**Exercise description**. Everything in the data below is left aside except the lines from the one containing "Best Screen Recorder Extension in 2022" through the one containing "man in blue"; repeat those exactly.

**Exercise input**.
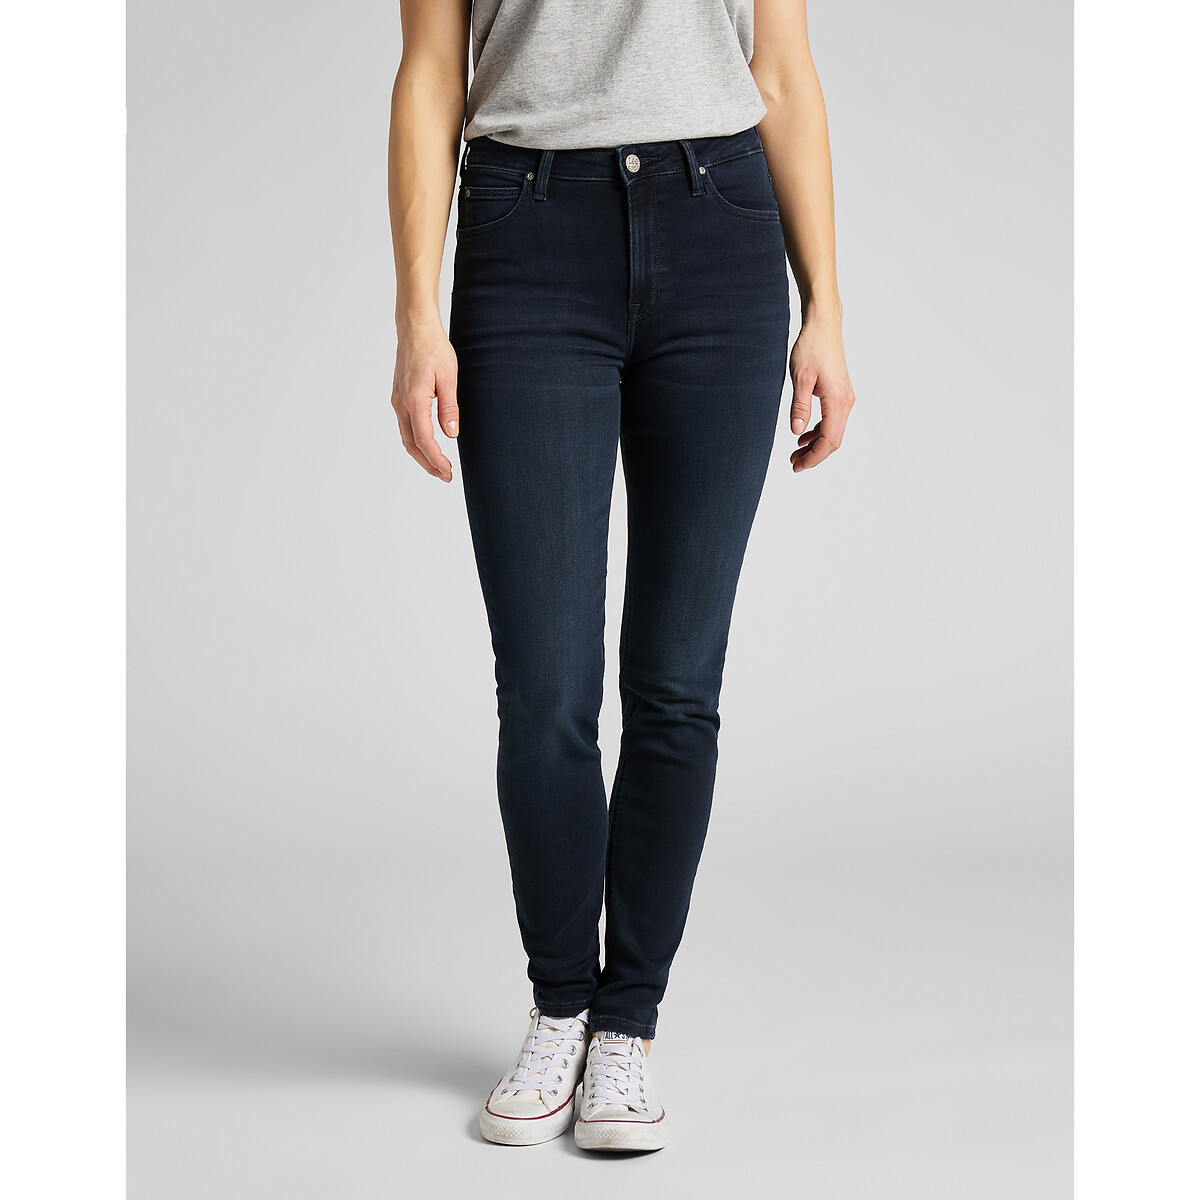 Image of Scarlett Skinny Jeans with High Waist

---

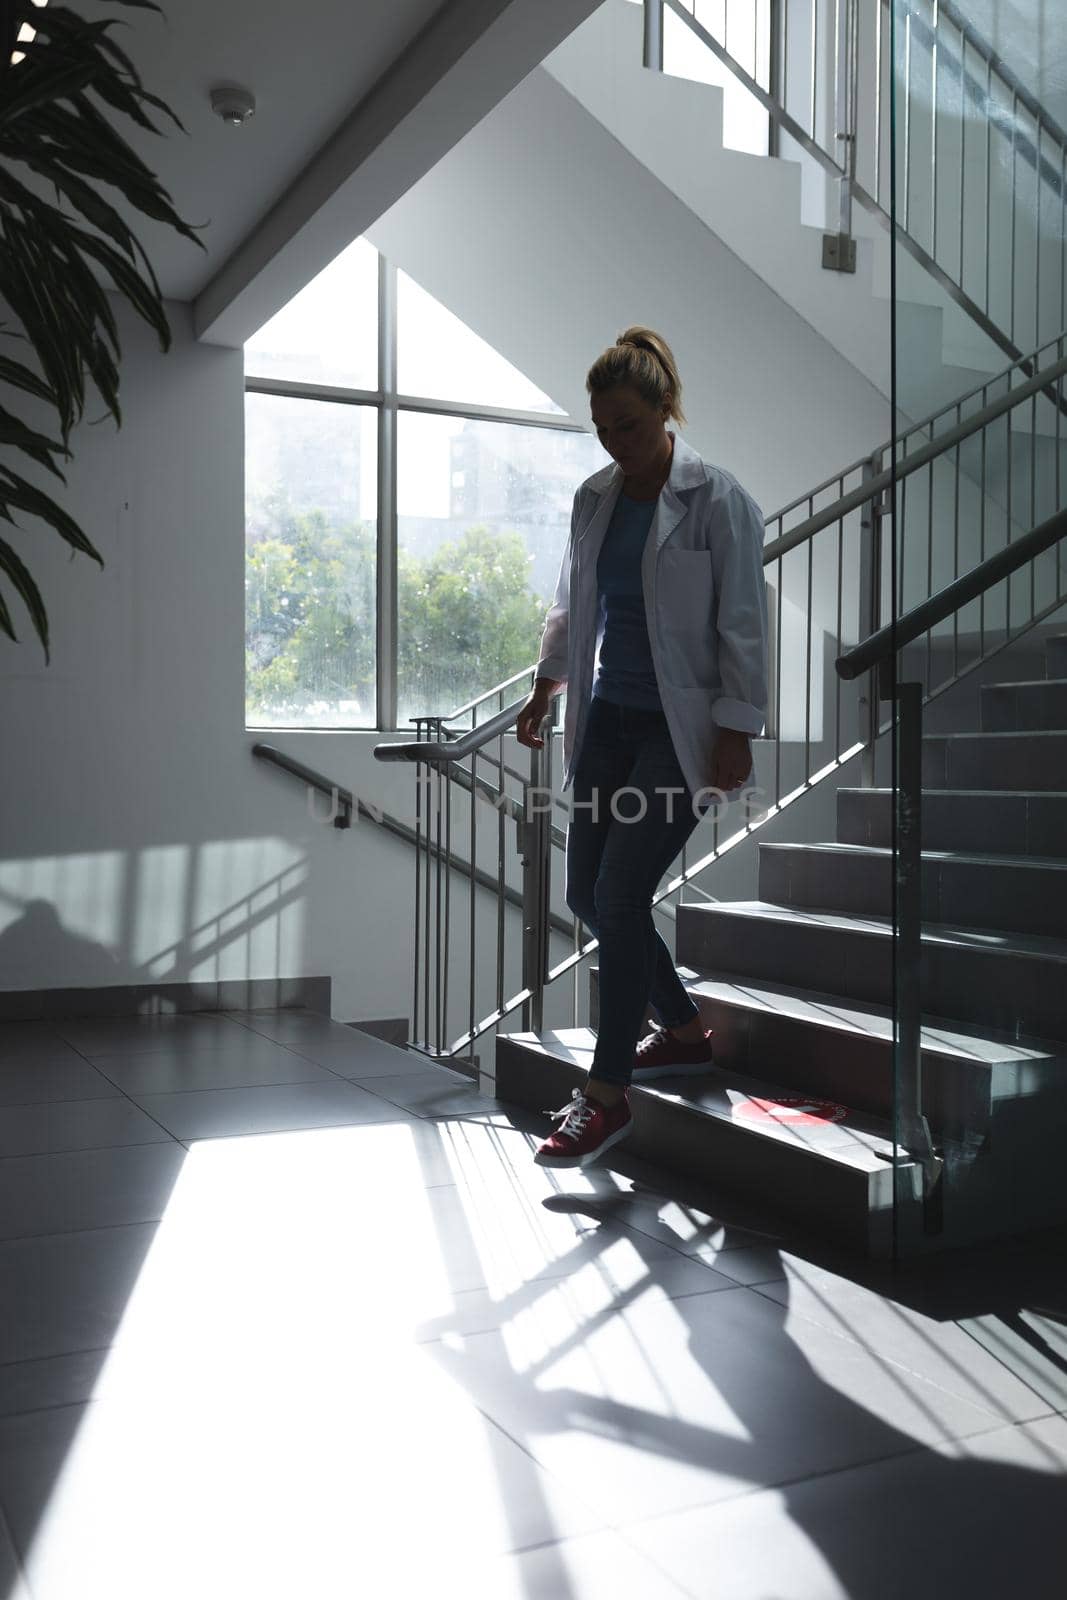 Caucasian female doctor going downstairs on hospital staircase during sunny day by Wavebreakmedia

* * *

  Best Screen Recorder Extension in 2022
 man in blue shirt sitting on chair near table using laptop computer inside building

**Answer to this task**.
  Best Screen Recorder Extension in 2022
 man in blue shirt sitting on chair near table using laptop computer inside building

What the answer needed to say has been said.